Crítica | Sabor da Paixão (2000)

Quando entrevistada para a realização de uma pesquisa em 2009, a cineasta Lucia Murat me afirmou que os clichês  e estereótipos sobre os brasileiros no cinema servem para facilitar uma identificação, para divertir. O problema é quando ele se torna um padrão e deixa de ser clichê para se tornar praticamente uma verdade. Sabor da Paixão, da cineasta Fina Torres, é a versão audiovisual desta afirmação. O filme é divertido, cativante e visualmente atraente, o que não o faz menos problemático no que tange aos meandros da representação. Sabemos que a indústria adora exportação de estereótipos. Vende bem, cria identificação e um visual extravagante para as narrativas.

Você, caro leitor, em sua relação com o audiovisual, provavelmente já deve ter visto o inglês shakespeariano, o estadunidense em guerra e o menino de rua brasileiro. Essas imagens não nascem em laboratório, mas tem como fonte a própria cultura representada. Os brasileiros, por exemplo, projetam uma imagem que permite ao estrangeiro rabiscar o que para eles seria “a nossa cultura”. Sabor da Paixão está cheia delas. Produzido por Alan Poul, num projeto entre Estados Unidos, Espanha e Brasil, o filme tem roteiro assinado pela paulistana Vera Blisi e direção guiada por Fina Torres, uma venezuelana que na época, estava vivendo em Paris. O panorama multicultural realizado antes da análise do filme tem em vista contemplar a quantidade de culturas em movimento nesta comédia romântica, lançada em 22 de setembro de 2000.

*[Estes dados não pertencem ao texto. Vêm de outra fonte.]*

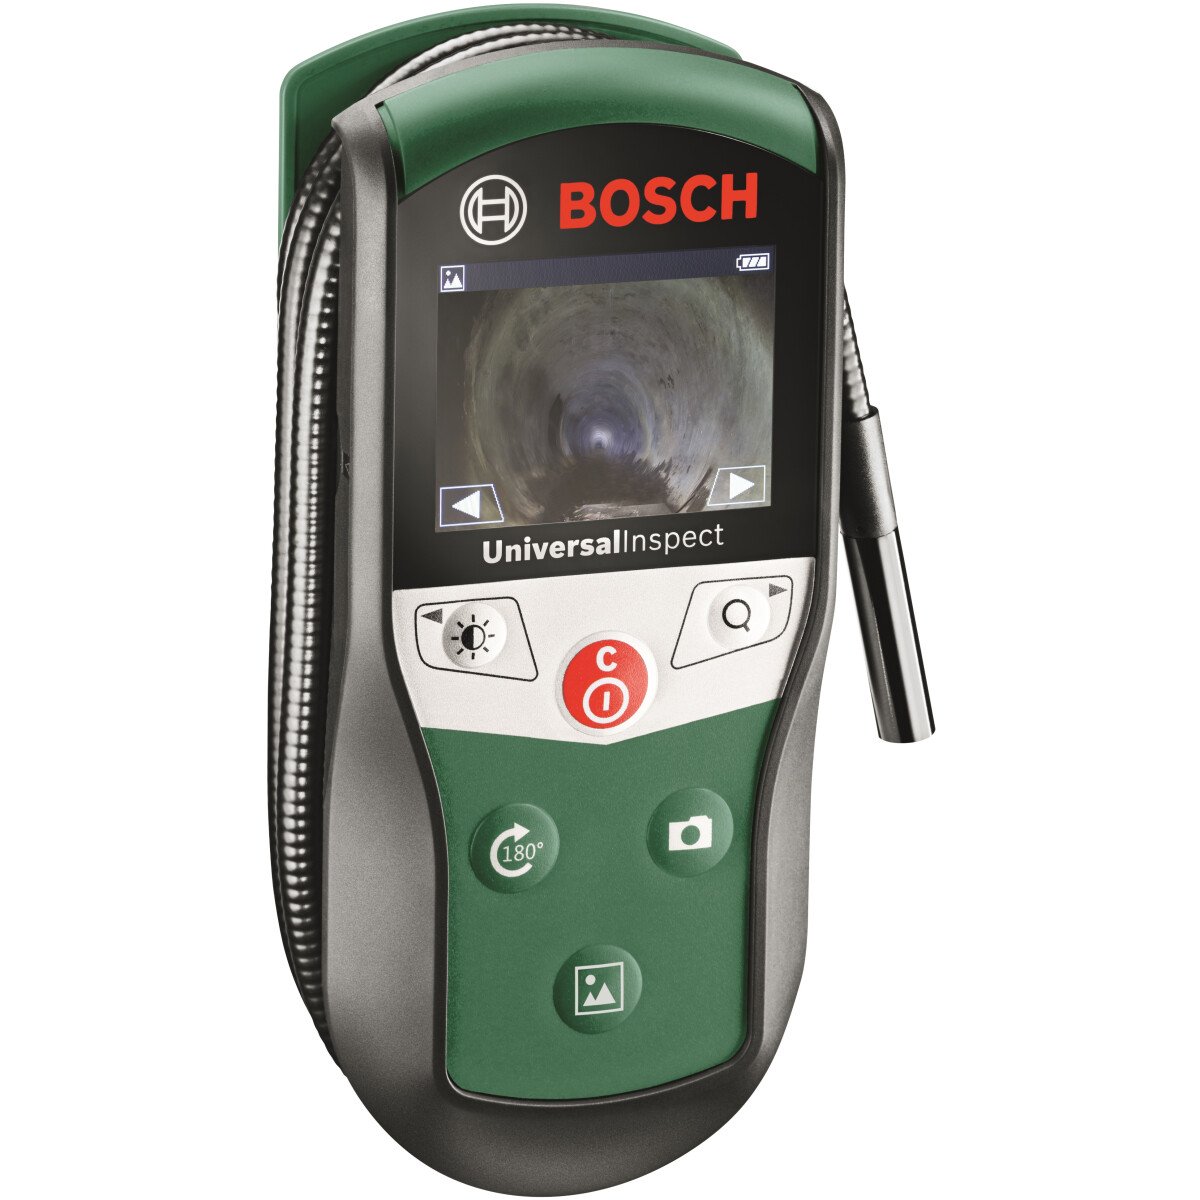 Bosch UniversalInspect Inspection Camera
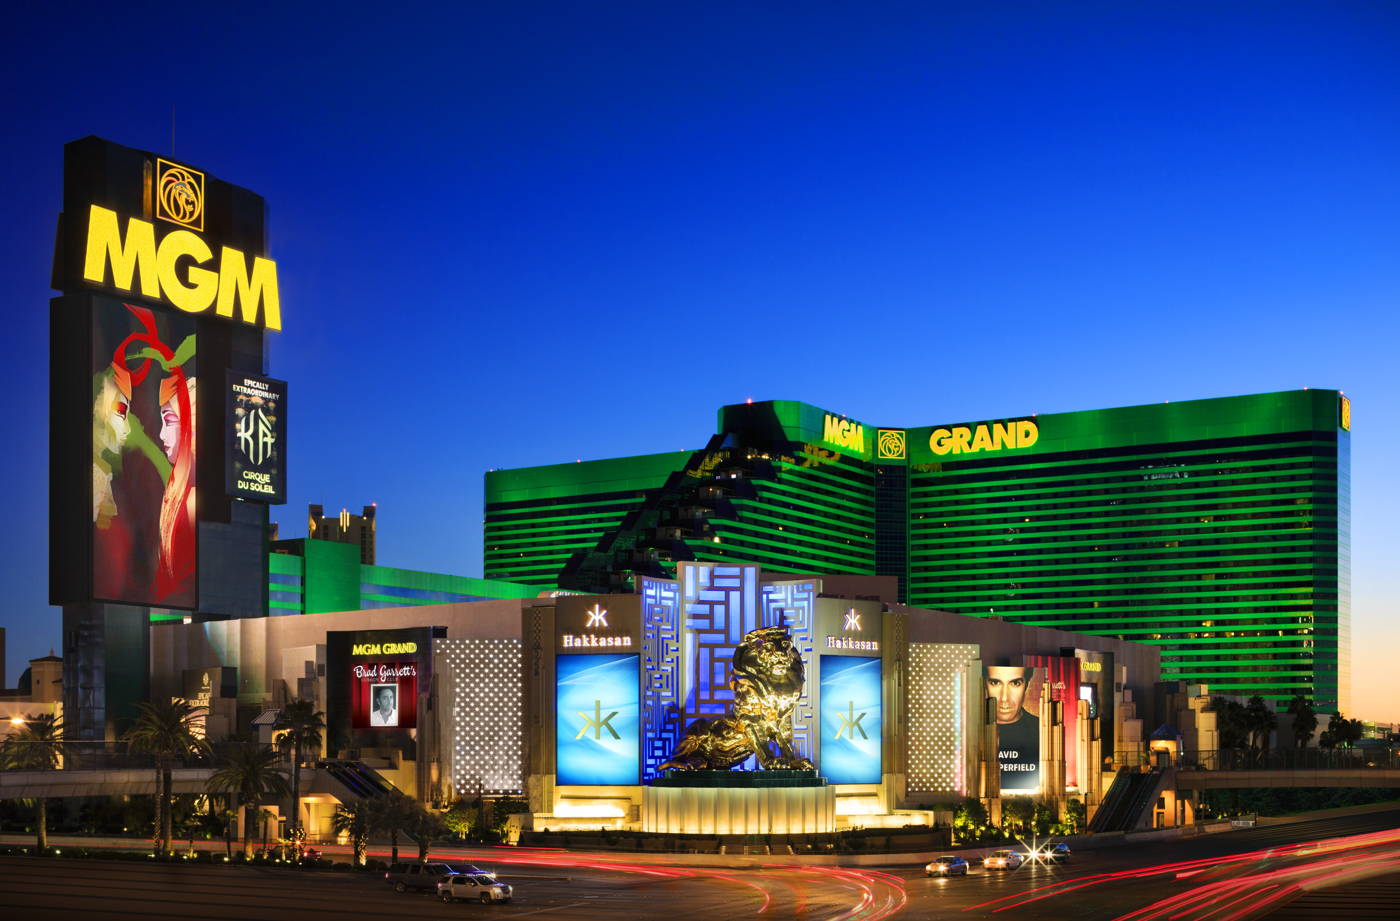 MGM Grand Buffet at MGM Grand Las Vegas

O filme conta a história de Isabella Oliveira (Penélope Cruz), uma cozinheira que é dona de um restaurante na Bahia. Ela vê a sua vida ganhar novo rumo quando flagra o seu marido Toninho (Murilo Benício) na cama com outra mulher. O latin lover esbraveja: “eu sou homem, tenho que estar por cima”, numa referência ao título do filme, uma espécie de debate sobre a emancipação feminina. Machista, o moço demonstra insatisfação com a esposa por conta da sua posição no ato sexual, pois conforme aponta a narrativa, Isabella só gosta de estar “por cima”. Insatisfeita, a cozinheira segue para São Francisco, nos Estados Unidos, local onde vai buscar a volta por cima.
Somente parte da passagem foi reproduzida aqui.